EXERCISE INPUTS -
Start of Block

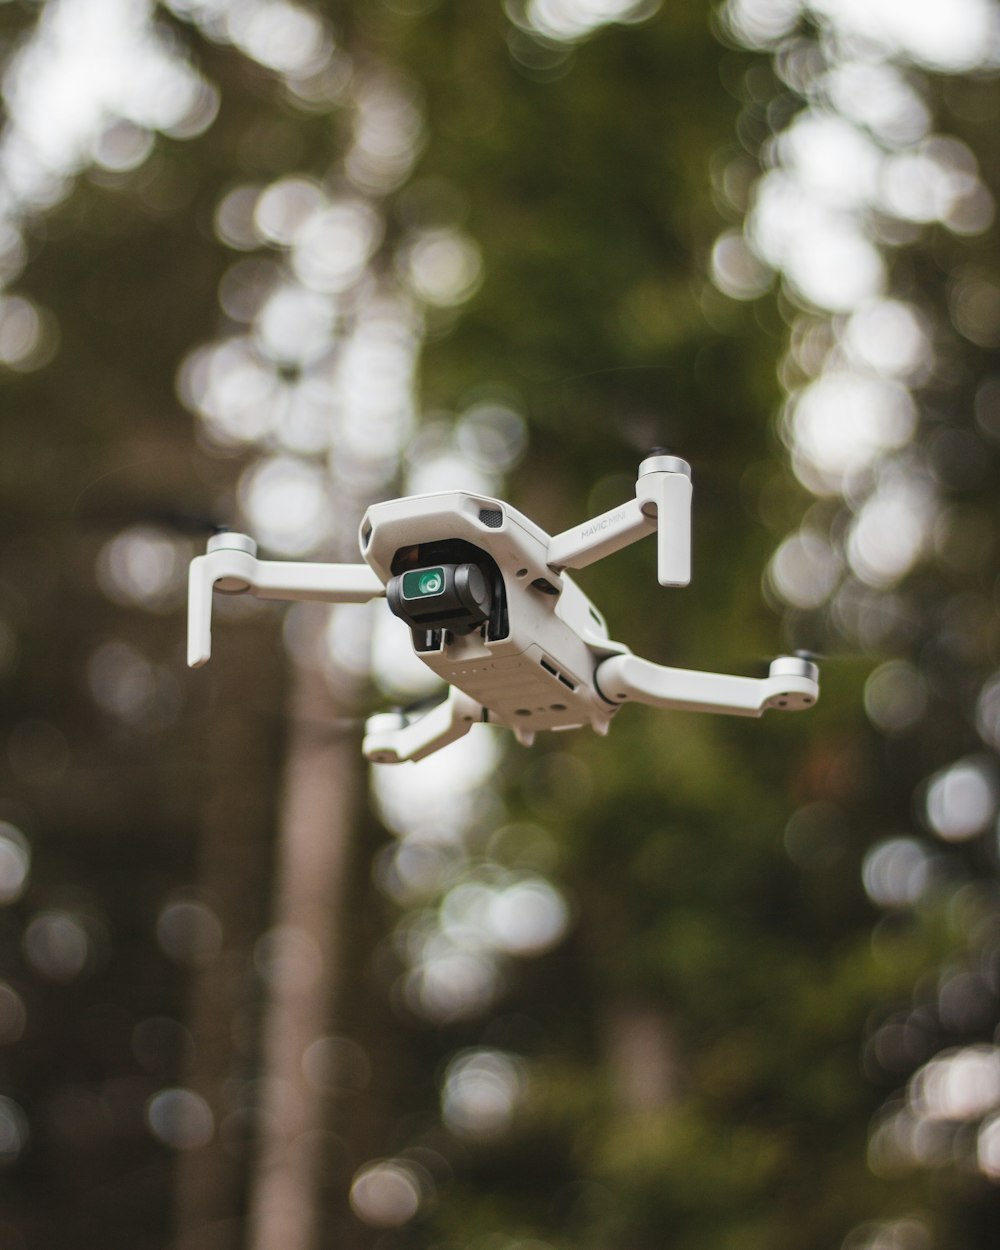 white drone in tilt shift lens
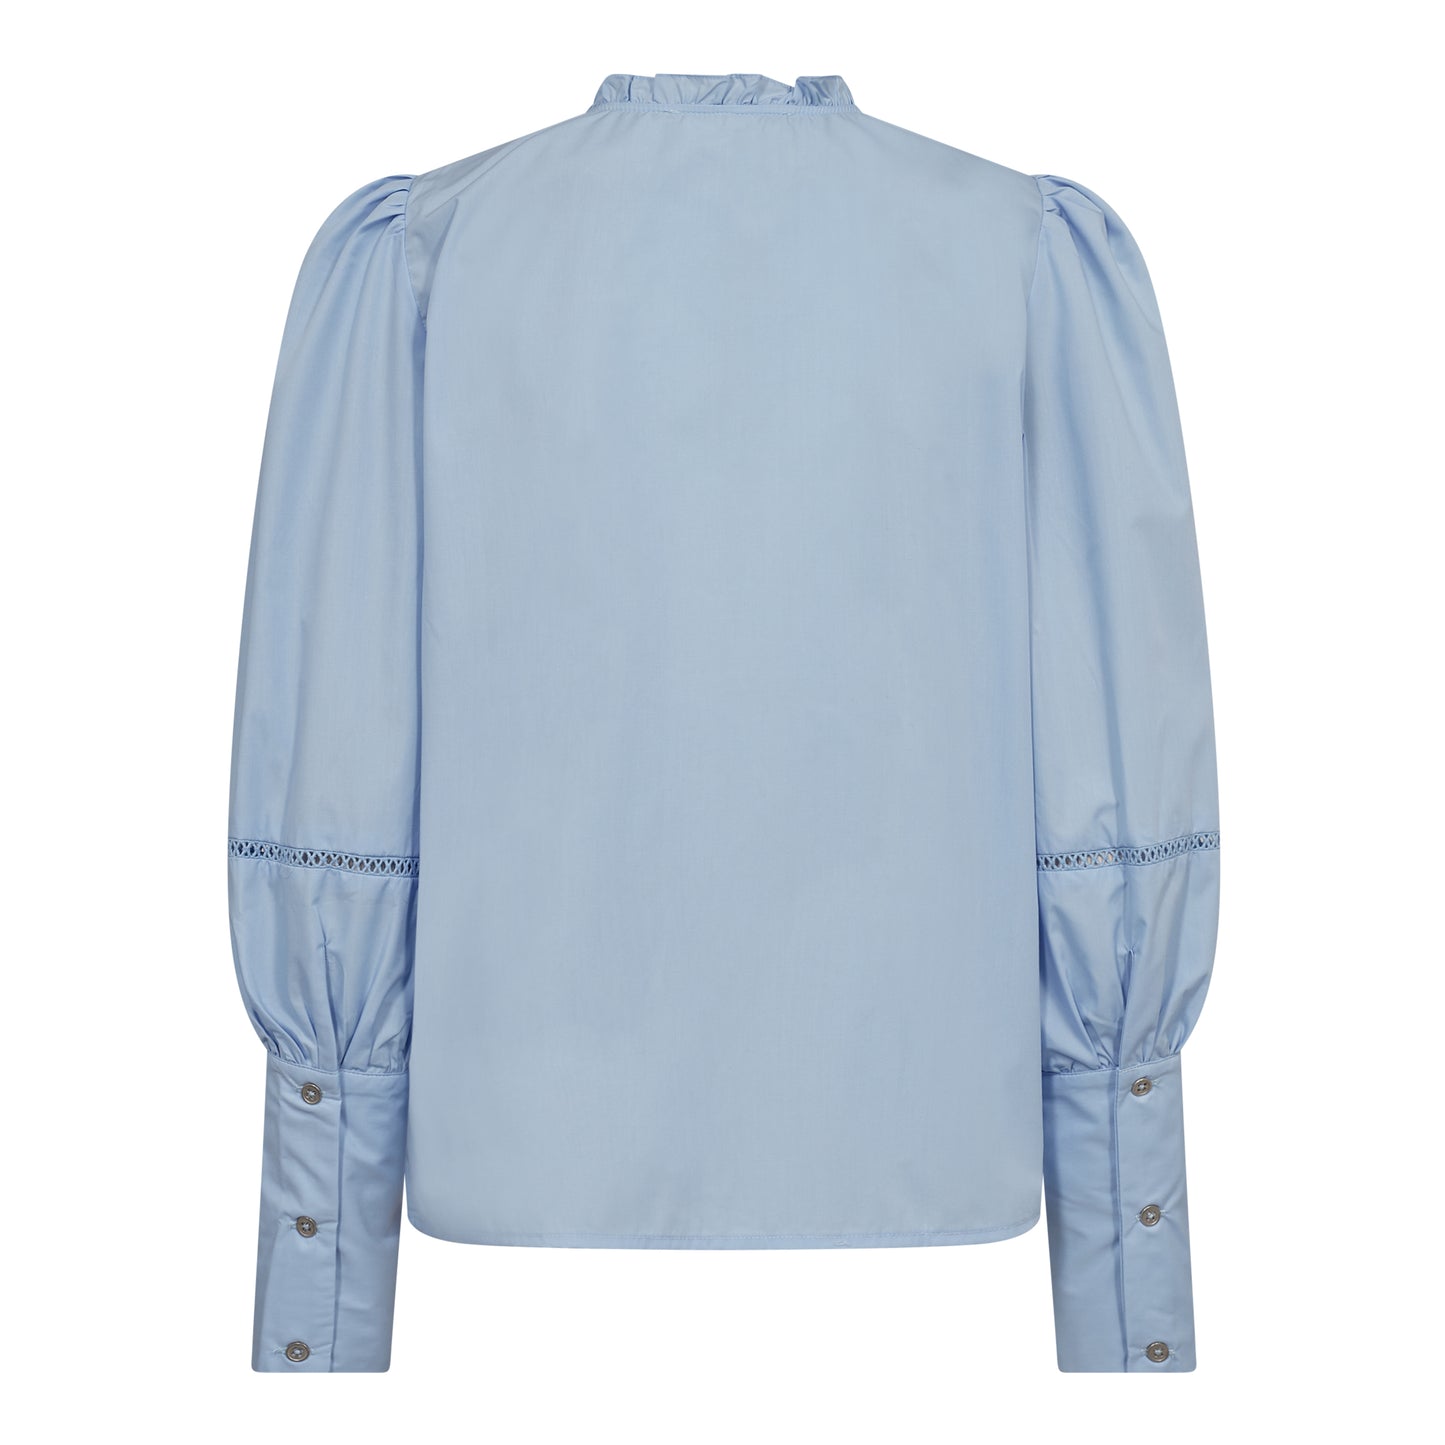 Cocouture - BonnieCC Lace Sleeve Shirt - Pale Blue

End of Block
Start of Block

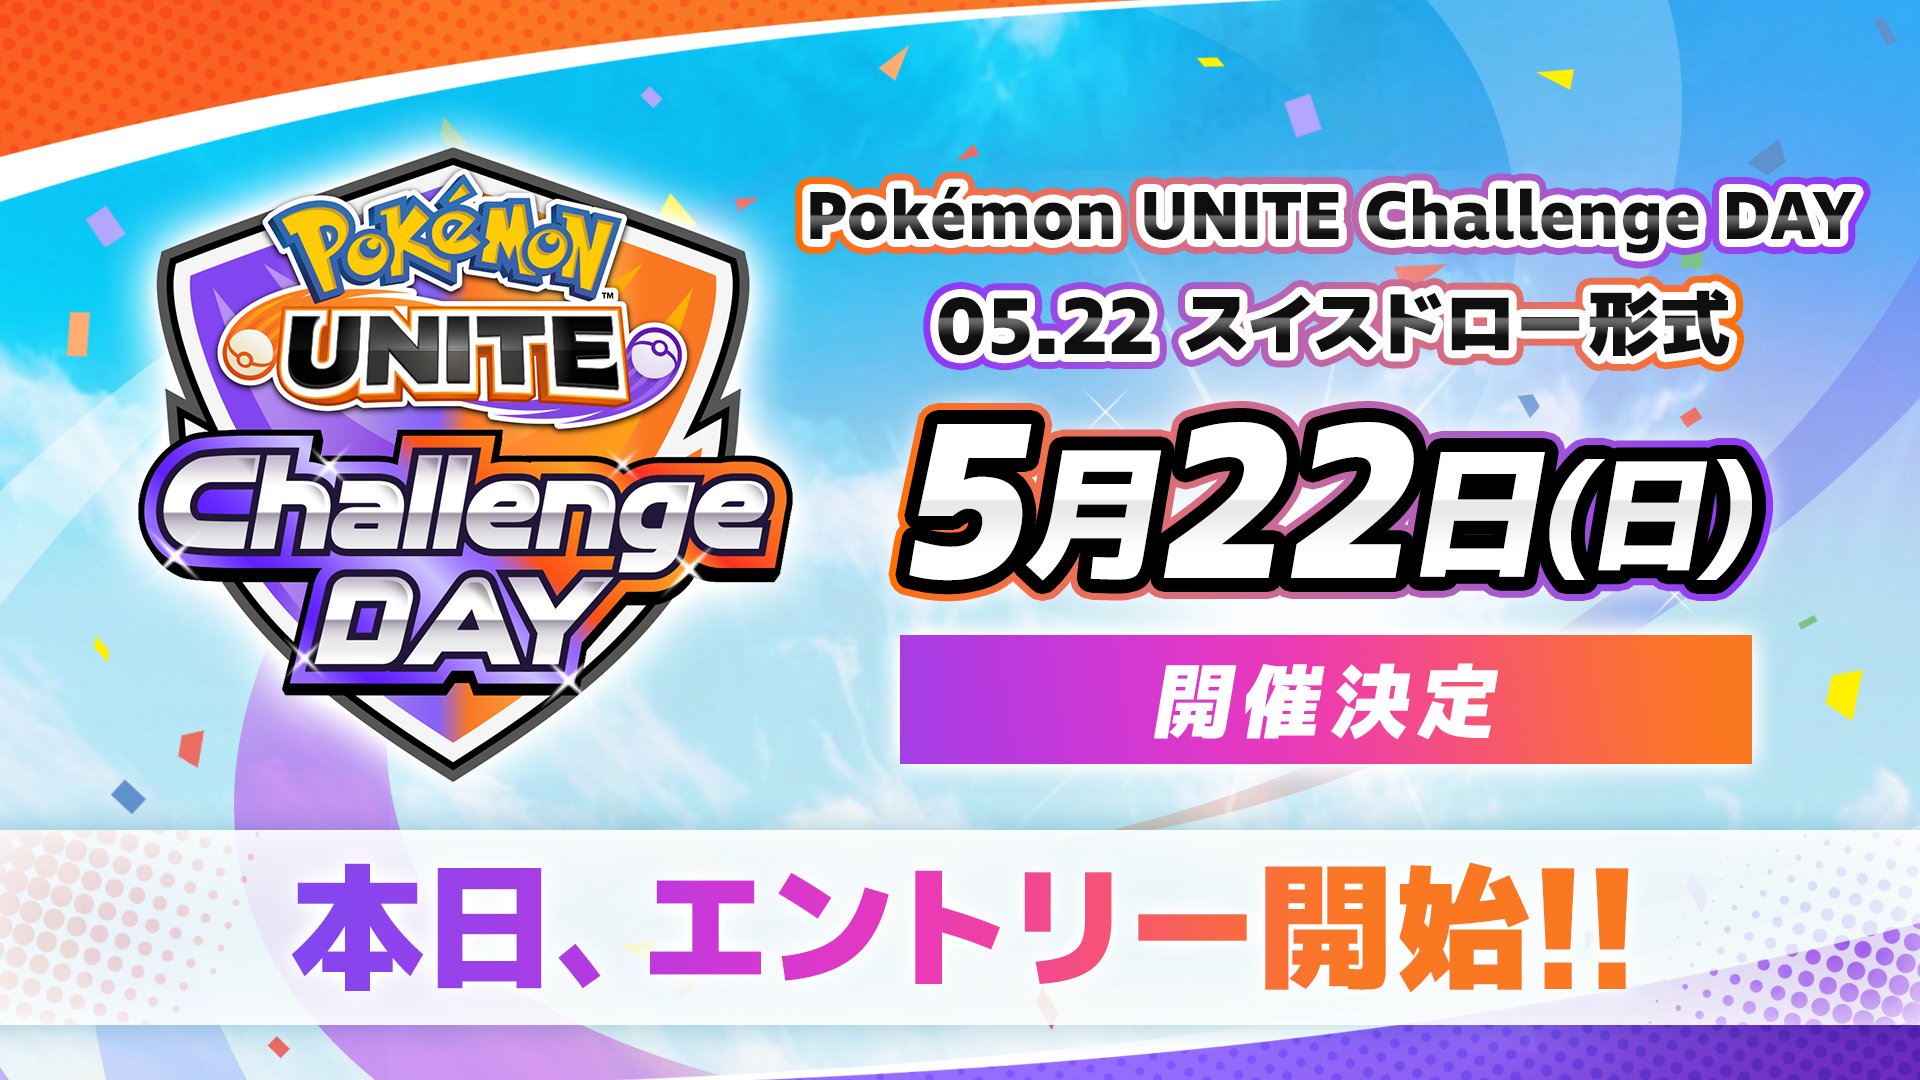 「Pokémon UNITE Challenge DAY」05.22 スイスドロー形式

End of Block
Start of Block

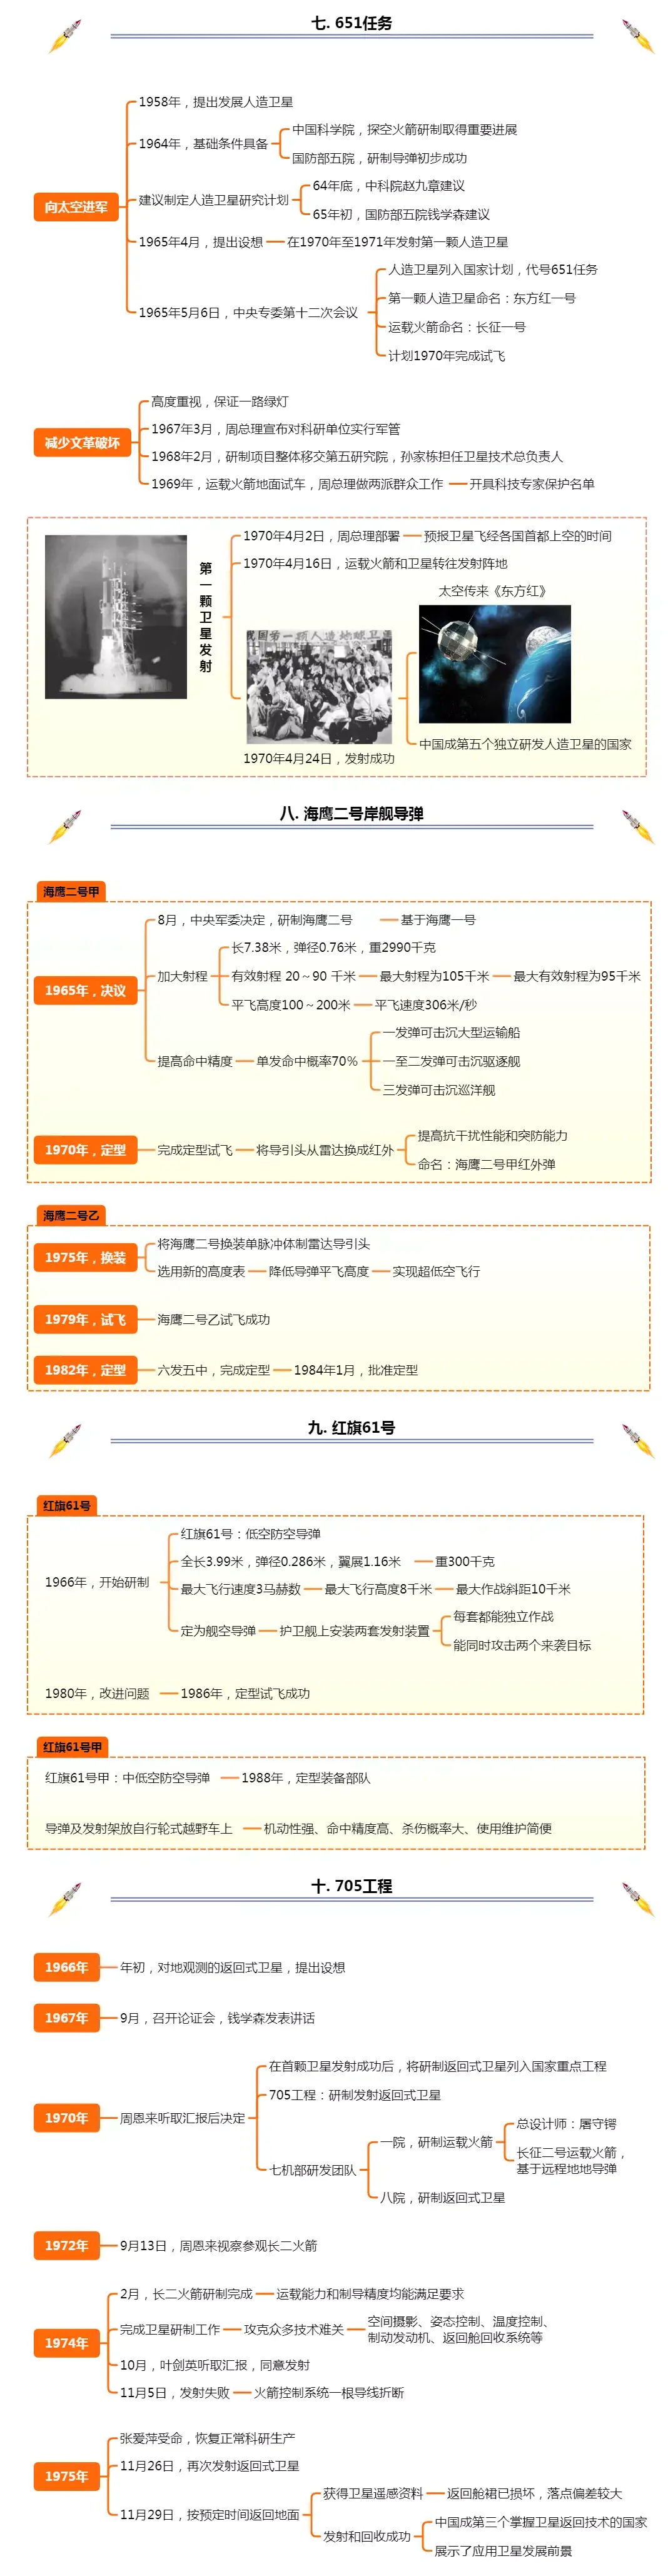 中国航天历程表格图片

End of Block

EXERCISE DETAILS - In the listing above, find the line containing "white drone in tilt shift lens" and the line containing "Cocouture - BonnieCC", then write out both of them and every line between, exactly, with no pictures.

SOLUTION TO THIS EXERCISE -
 white drone in tilt shift lens
 Cocouture - BonnieCC Lace Sleeve Shirt - Pale Blue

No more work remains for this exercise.